Henson was likely going to have to play increased Saturday after Zaza Pachulia played 40 minutes in Friday night’s loss to Chicago. But Pachulia was limited to just nine minutes against the Raptors due to foul trouble, and Henson was the only big man available off the bench.
"I thought he did a good job from an effort standpoint." Bucks coach Larry Drew said of Henson. "Zaza picked up a couple of early fouls and we were limited to one big guy off the bench. John had to play a lot of minutes tonight. He did a good job. It was a tough matchup for him. I thought he did a good job."
Henson scored 12 of his 23 points in the second quarter, as Milwaukee outscored Toronto 34-19 to take a 56-47 advantage into the locker room. The Bucks saw the first half as a great success, but the playoff-bound Raptors were not pleased with their effort.
"Well, first half we played like crap," Raptors coach Dwane Casey said. "There’s no nice words you could put to it. We can’t approach the game that way. It’s just not acceptable to where we want to go and how we want to do it.
"If we want to be average, fine. But to get where we want to go and be a playoff-caliber team, we have to perform better than that. No matter who you play, doesn’t matter if it is Indiana or a high school team, it doesn’t matter. We got to come out and perform."

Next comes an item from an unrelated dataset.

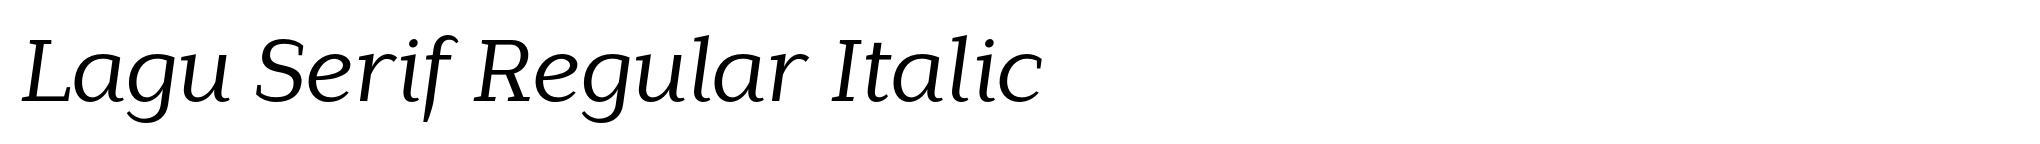 Lagu Serif Regular Italic image

Yet another slow start to the third quarter ruined any kind of momentum created from the 10-0 run Milwaukee ended the first half on.
Two season long problems came back to bite the Bucks again on Saturday, as a slow start to the third quarter and a failure to defend the 3-point line — Toronto hit 12-of-27 from beyond the arc — did them in.
Greivis Vasquez hit three-of-four 3-point attempts in the second half, while DeMar DeRozan scored 19 after the break as the Raptors outscored the Bucks by 13 in the final two quarters.
"We did not come out at the start of the third the way we ended the second," Drew said. "I was a little surprised at that. It’s something we harp on before leaving the locker room, making sure we come out with some energy and some juice and make sure they’re the first to call a time out. We were forced to call it tonight."
Words of advice: Before Saturday’s game, Drew further addressed the five-game suspension handed down by the league to Larry Sanders for testing positive for marijuana.
The Bucks coach was asked what kind of advice he plans on giving his troubled center.
"I try to take off my coaching hat and be kind of more of a father figure than anything," Drew said. "I think any young man that makes it to this level, there’s a very high level of responsibility that you have to take on. I just try to offer my advice more than anything. I’ve seen different players in different situations. I just try to offer some advice that probably can help him. Maybe it won’t.
"Having three boys myself, I know how sometimes how a young man can get caught up into certain things. What you don’t want to see more than anything is a pattern developing."
Wright returns: It appears as if Chris Wright won the battle of the three guys the Bucks have auditioned on 10-day contracts, as the former University of Dayton forward was brought back on a second 10-day deal Saturday.
He played 16 minutes against Toronto and scored four points with four rebounds and three steals.
"We just kind of thought that of the three guys he was more of a fit for us," Drew said. "I thought he did a good job when he was here. He showed really good energy. I’ve always said I’ve wanted guys that have energy, some bounce in them. He definitely has that."